== INFORMATION GIVEN ==
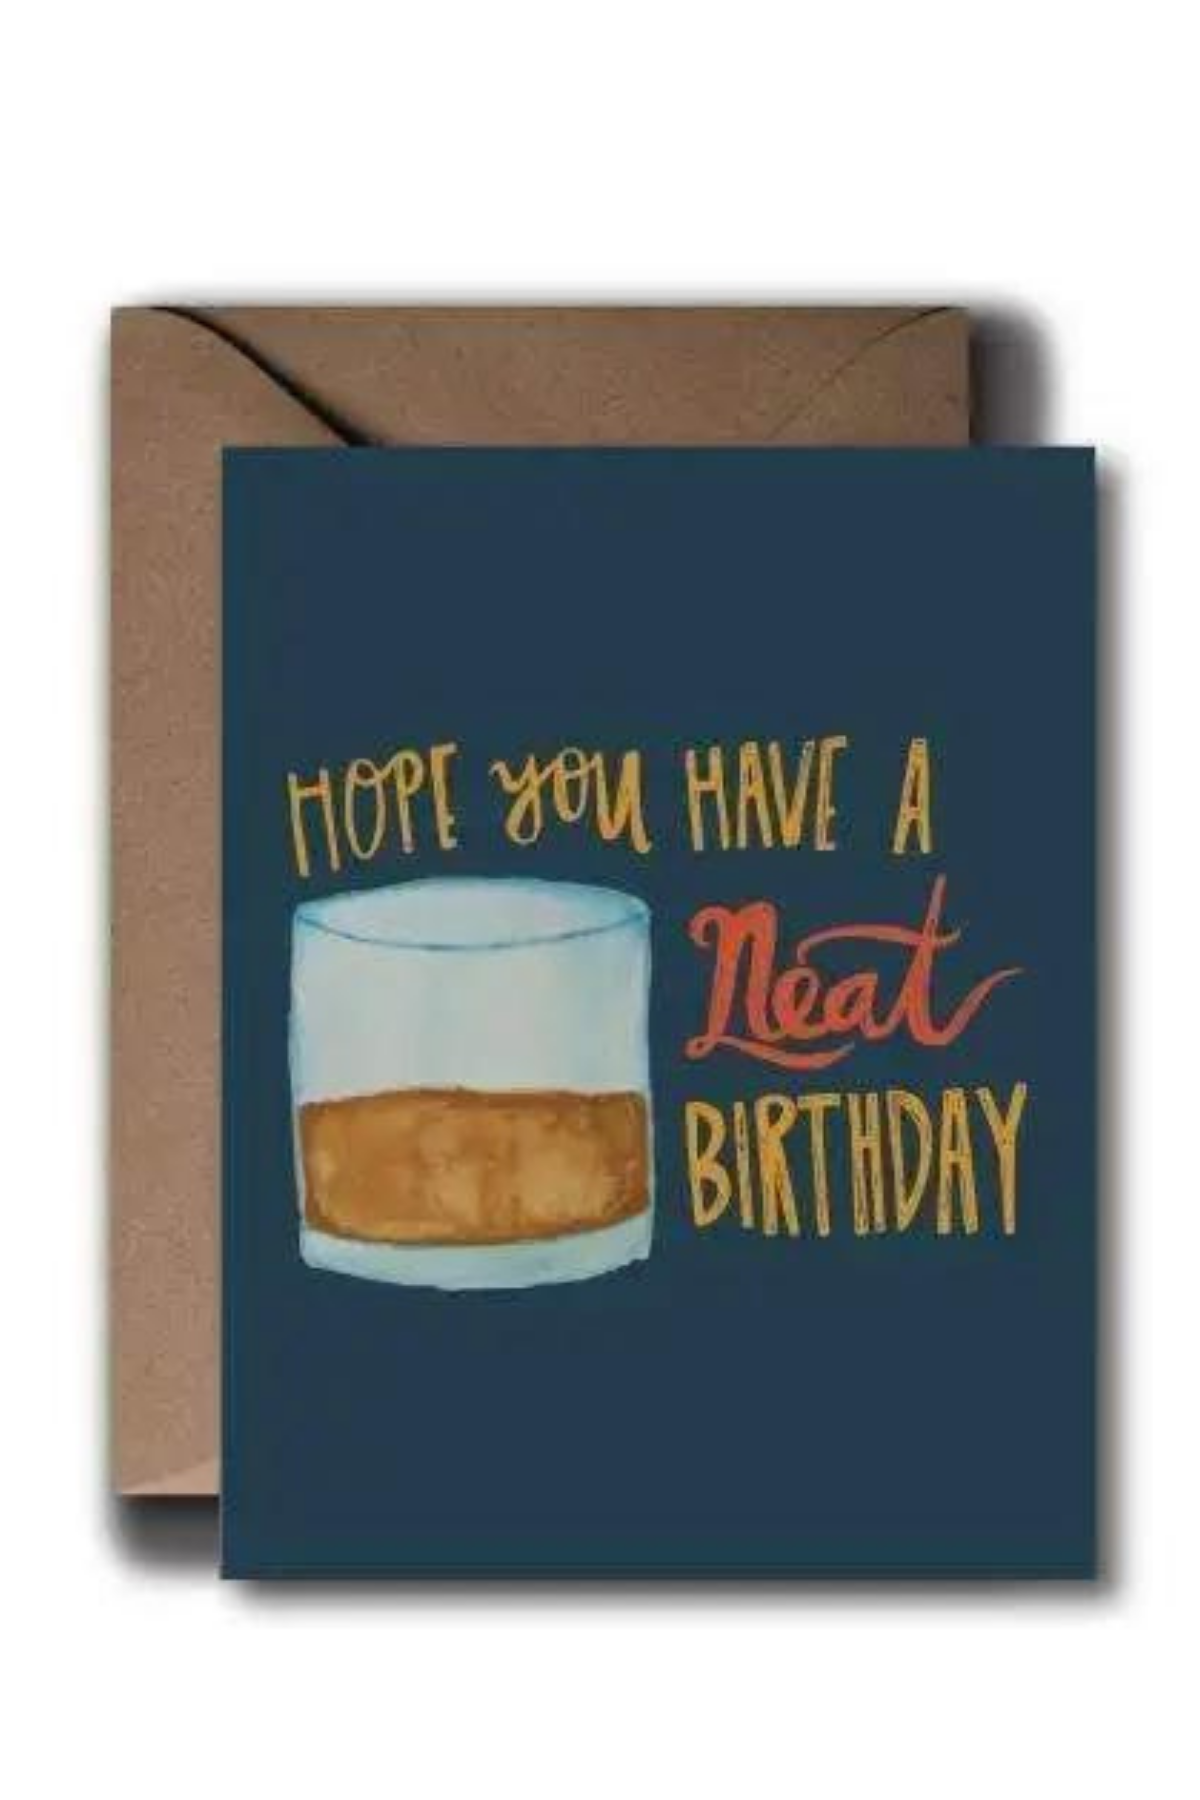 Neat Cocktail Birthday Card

* * *

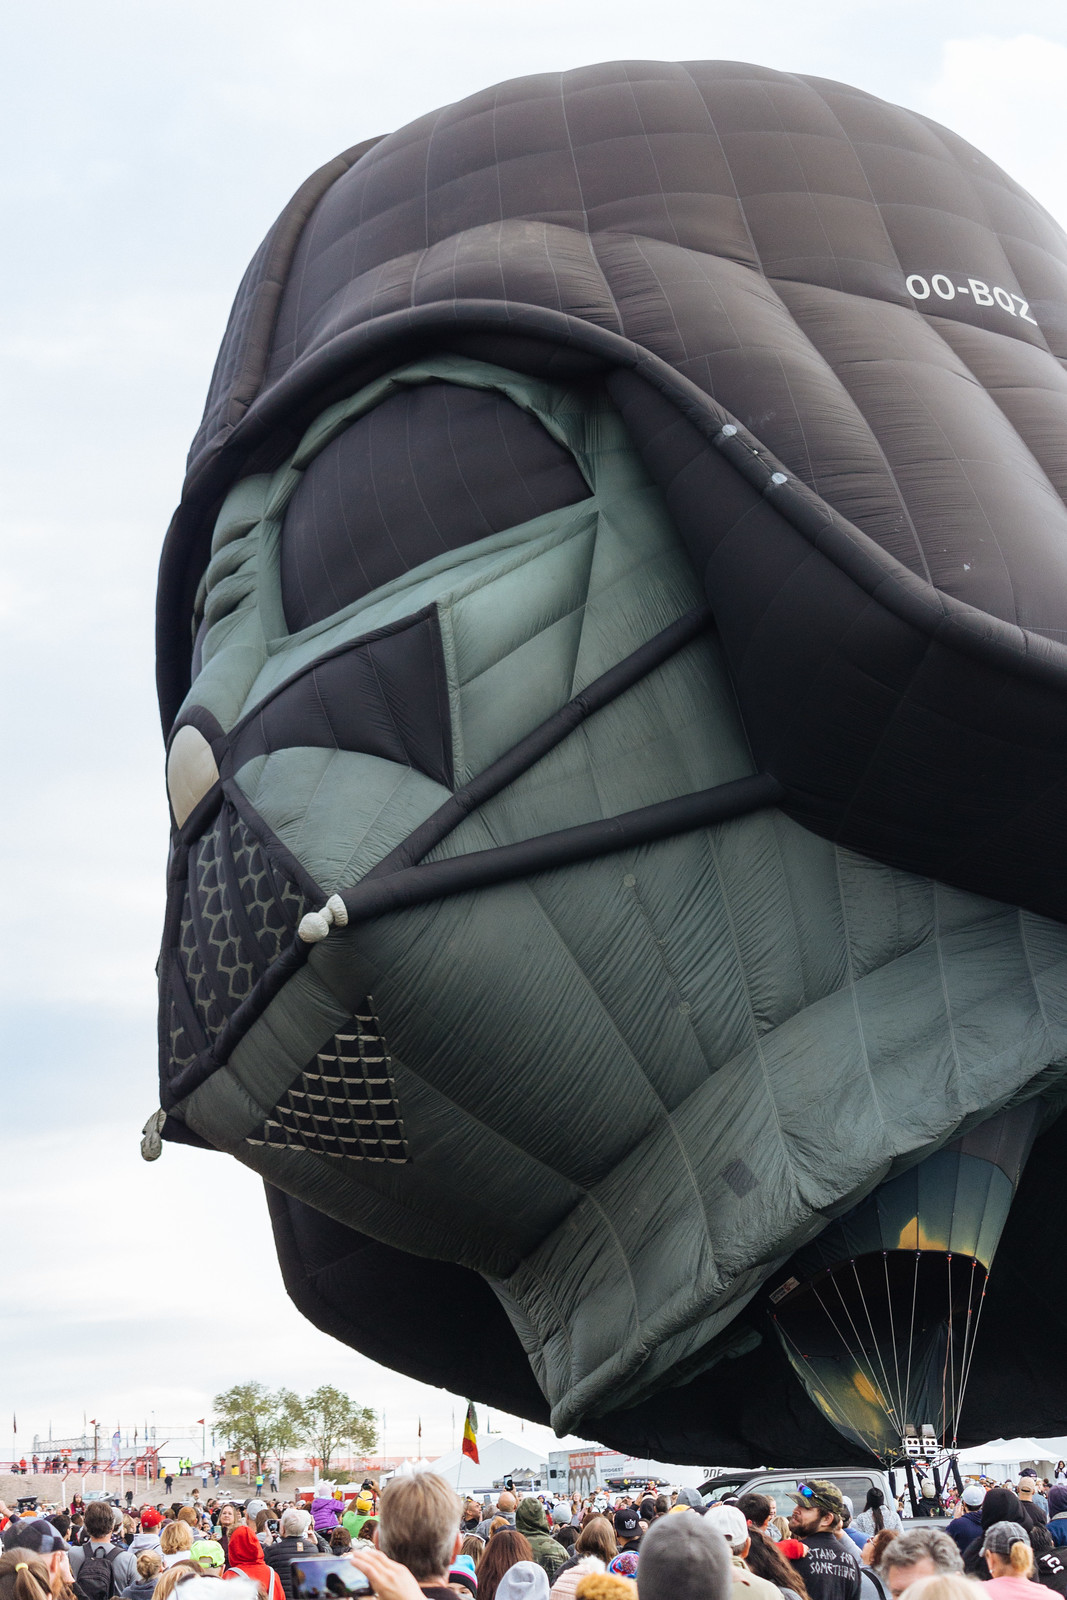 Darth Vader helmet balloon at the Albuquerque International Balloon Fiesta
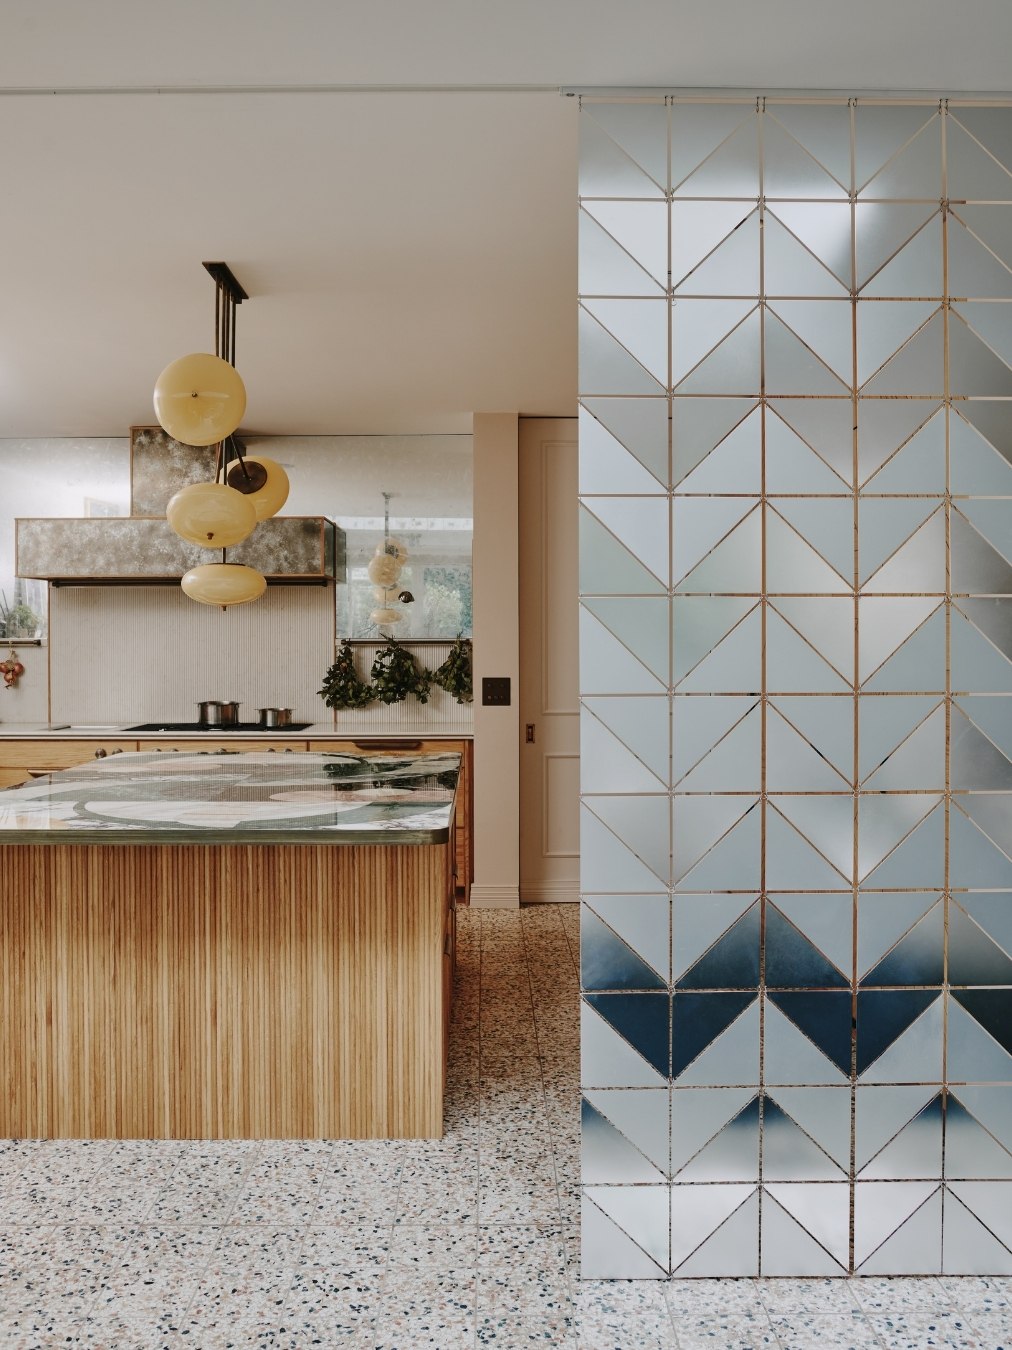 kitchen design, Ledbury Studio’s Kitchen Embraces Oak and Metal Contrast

* * *

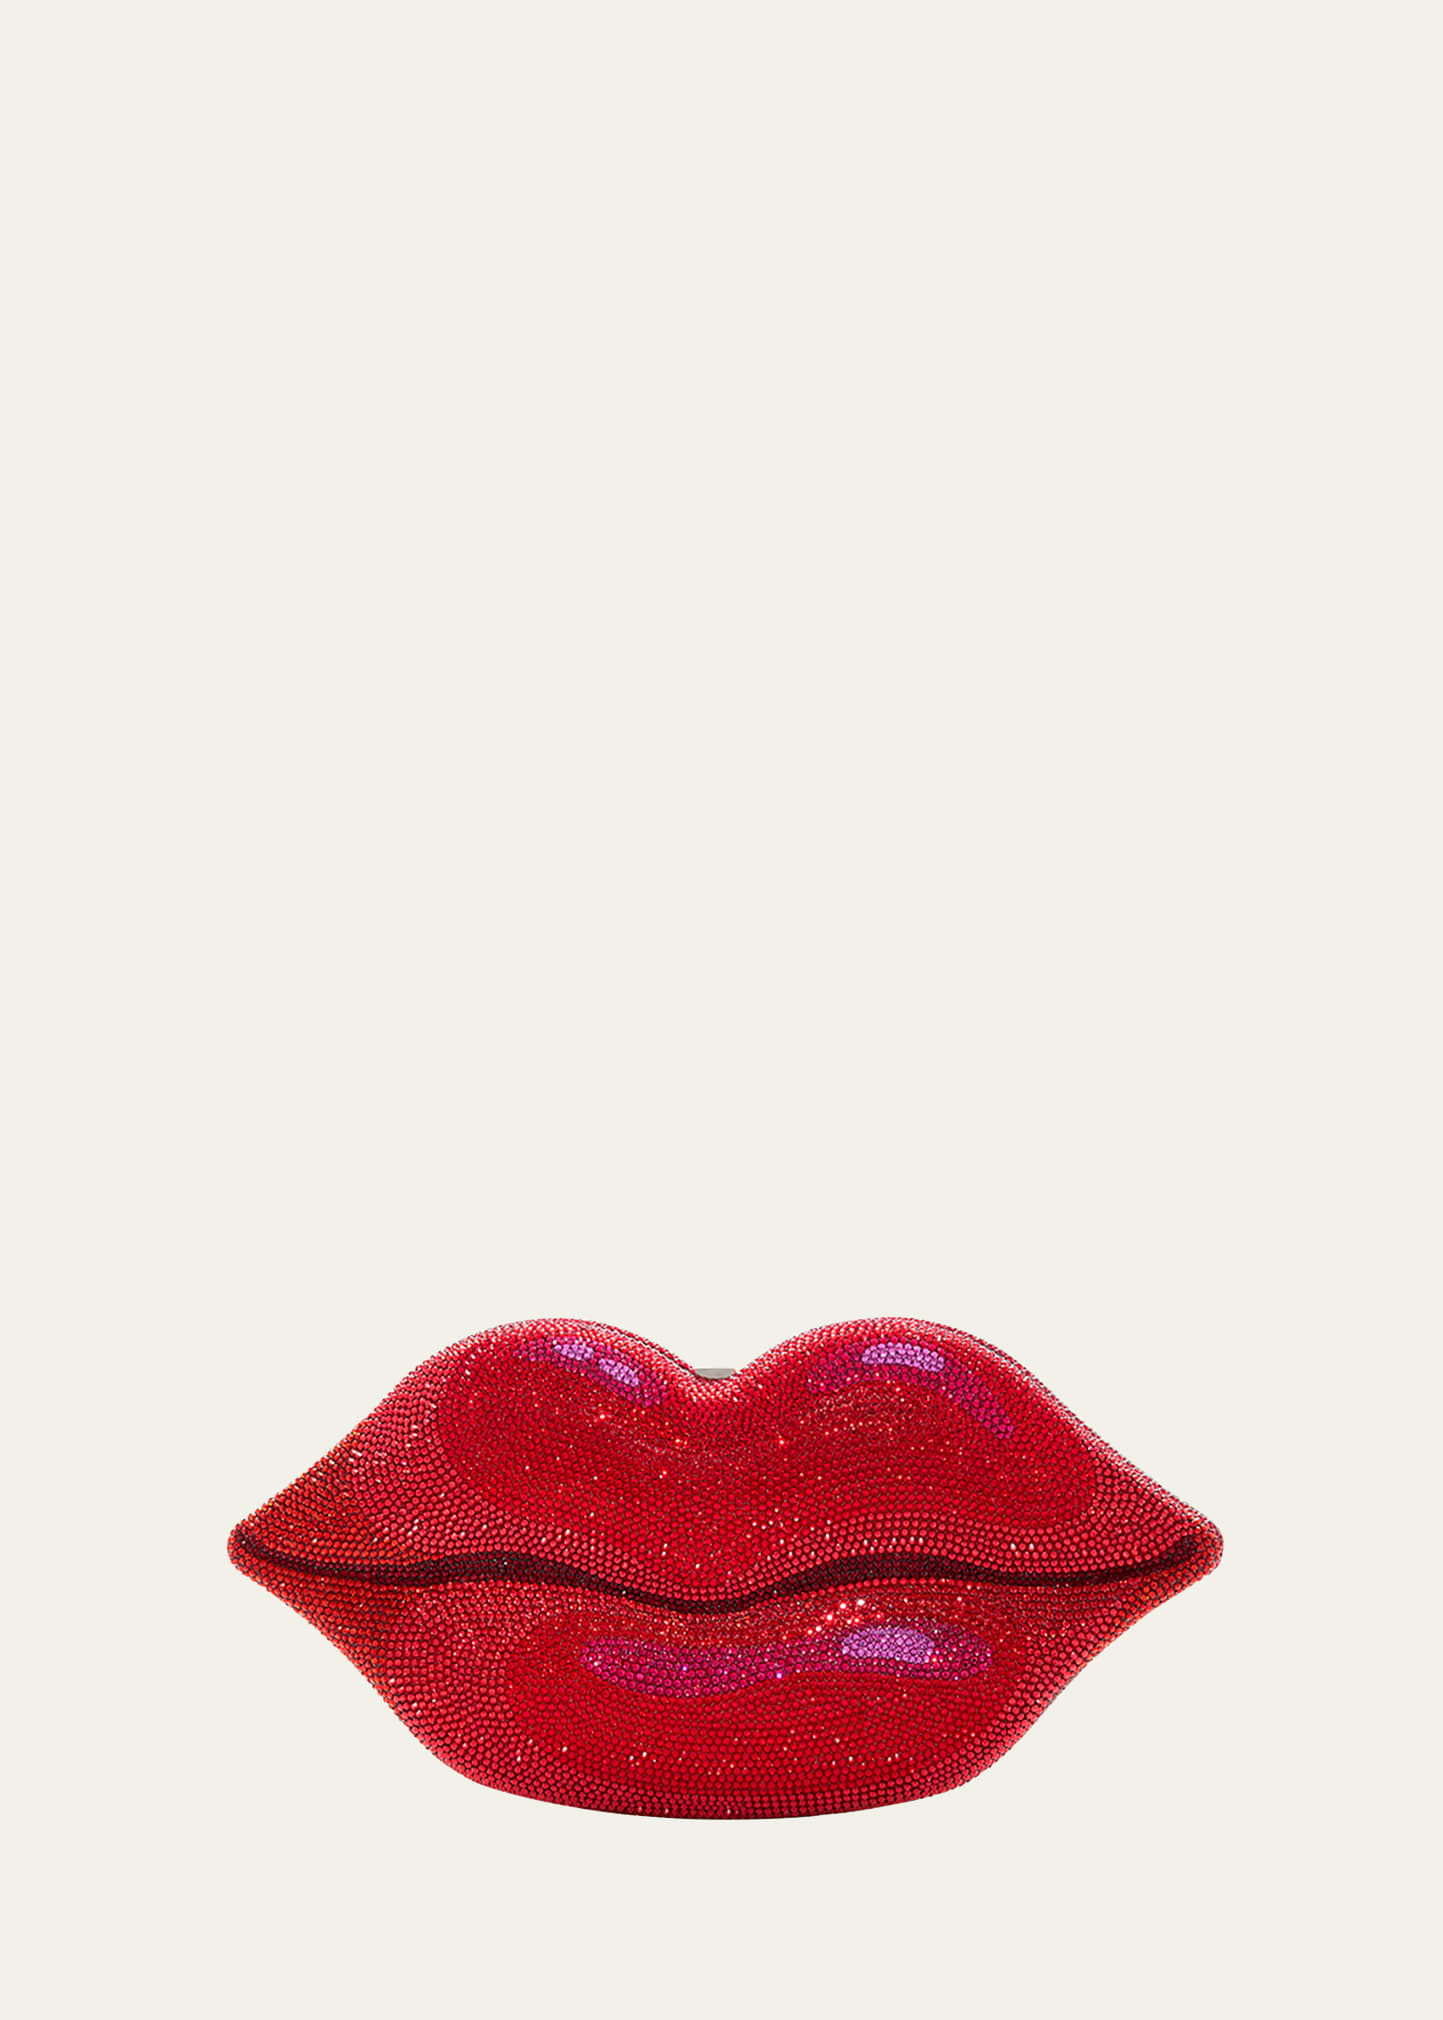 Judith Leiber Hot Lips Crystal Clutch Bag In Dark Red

== EXERCISE ==
Set down exactly the lines above, from the line containing "Darth Vader helmet" through the line containing "kitchen design, Ledbury". Skip the pictures.

== ANSWER SPACE ==
 Darth Vader helmet balloon at the Albuquerque International Balloon Fiesta
 kitchen design, Ledbury Studio’s Kitchen Embraces Oak and Metal Contrast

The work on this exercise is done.